Aides had to drag Ronald and Nancy Reagan upstairs to bed last night, pulling them away from the first state dinner since the landslide last week. They were relaxed, they were beaming, they had won. The election bubbled up again and again in conversation, like a compliment everyone felt compelled to retell to each new face. The first lady stopped long enough to say that talk of her status as a crucial adviser to the president was "exaggerated," and Reagan said, no, even though he'd won reelection, he's not going to spend two months a year at his California ranch.
"I ran to get this job and do what has to be done," he said. "If I wanted to do that, then why should I run?"
He said that his wife felt better after a nighttime fall just before the election, although "she had a couple of days there that were pretty rocky."
He also said, as he has said in the past, that if the United States doesn't get an arms agreement with the Soviets, "it'll be their fault." As for his wife, she insisted she hadn't been upset about the briefing process for Reagan's first debate. "I wasn't angry," she said. "It's over. Past history."

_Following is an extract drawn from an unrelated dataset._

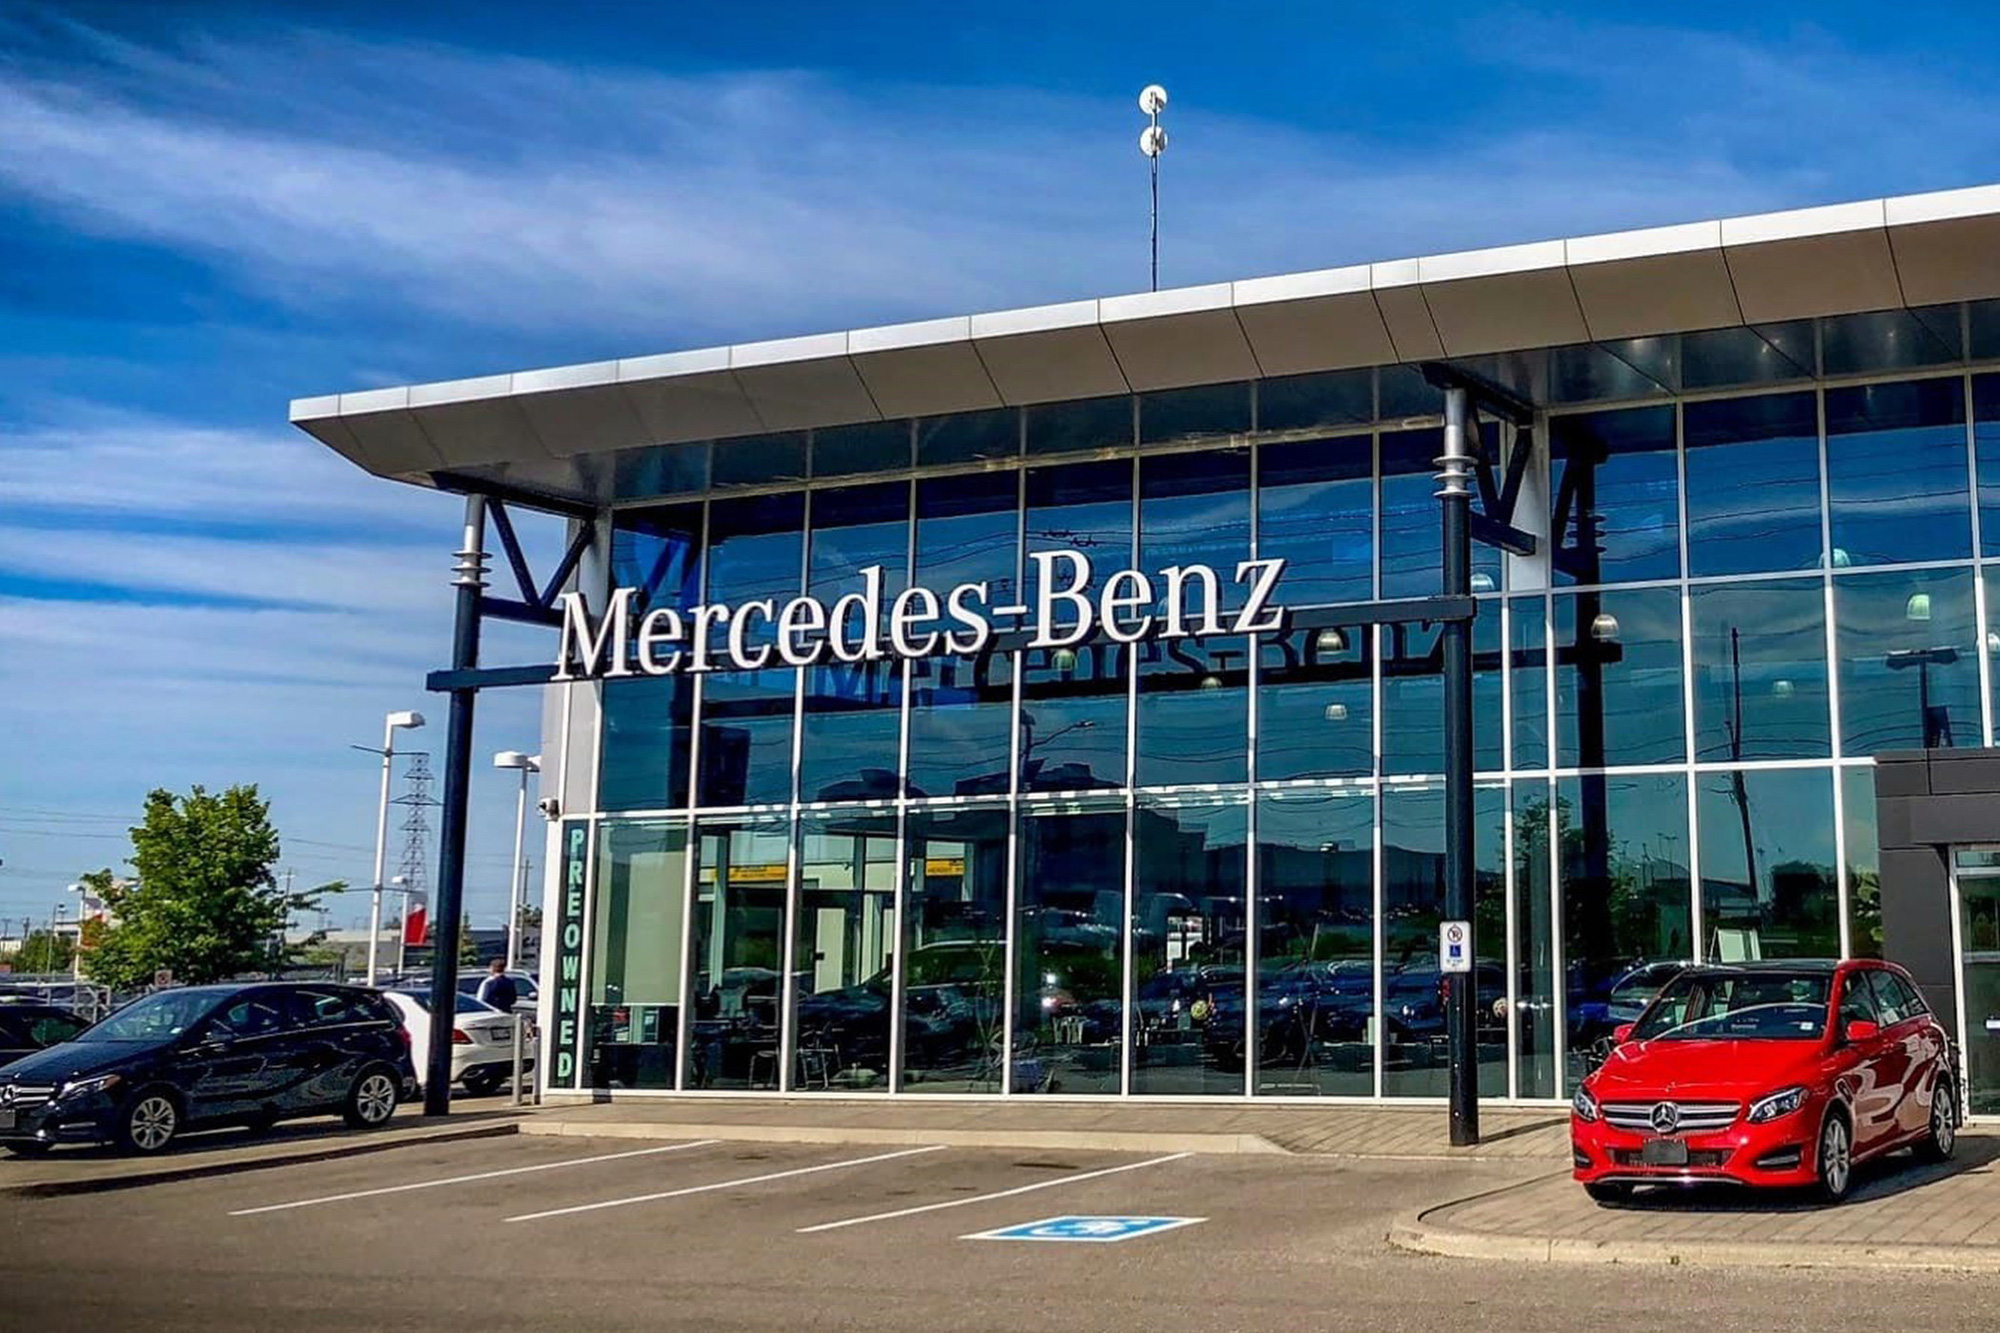 Cấm đại lý mặc cả với khách hàng, Mercedes-Benz bị chính hệ thống đại lý kiện ngược
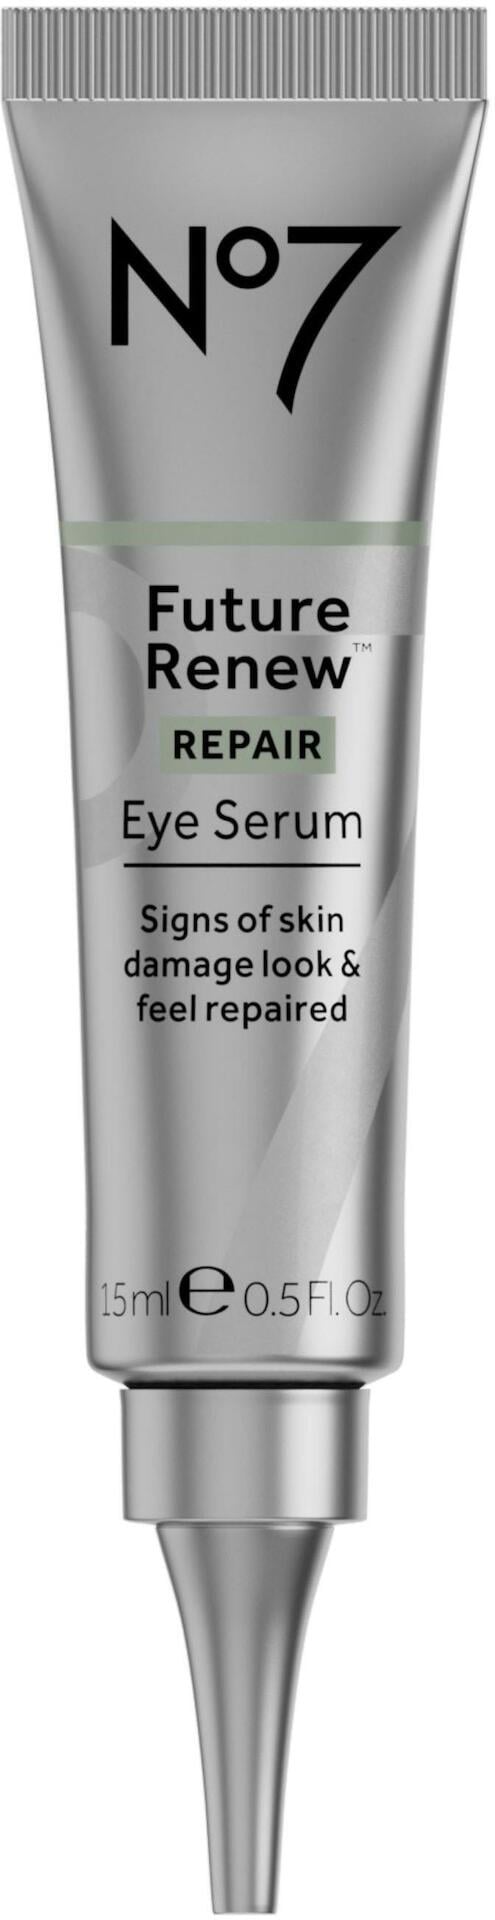 No7 Future Renew Repair Eye Serum 15ml

Last night was the beginning of four more years of Reagan state dinners, and once again, the White House hauled out the linen, the china and the Hollywood stars. It was a dinner for his royal highness Grand Duke Jean of Luxembourg, the head of state for a country that has 270,000 citizens and a land area of 999 square miles.
And whom did he meet, feeding on the lobster, caviar sauce and a 1982 Chardonnay?
One Olympic gold medalist; two astronauts; one golf pro; the usual barrage of television and movie stars, including one who was busy asserting that he doesn't want to be senator from California; one senator from California; numerous really rich people; successful members of important minority groups; one former boxer; various journalists who looked somewhere between embarrassed and smug; and an in-house relative, Barbara Bush's brother.
Then there was Jim Nabors, the former Gomer Pyle, as well as Henry Winkler, the former Fonz. Nabors, who said he is now a macadamia nut farmer in Hawaii, was a favorite of Reagan's as Pyle; after all, Nabors said, "It was on forever."
Winkler was in town to visit the Fonz jacket he gave to the Smithsonian in February 1980. "I didn't have a camera," he said. "So I waited for a tourist, and asked the tourist to take a picture of me with it."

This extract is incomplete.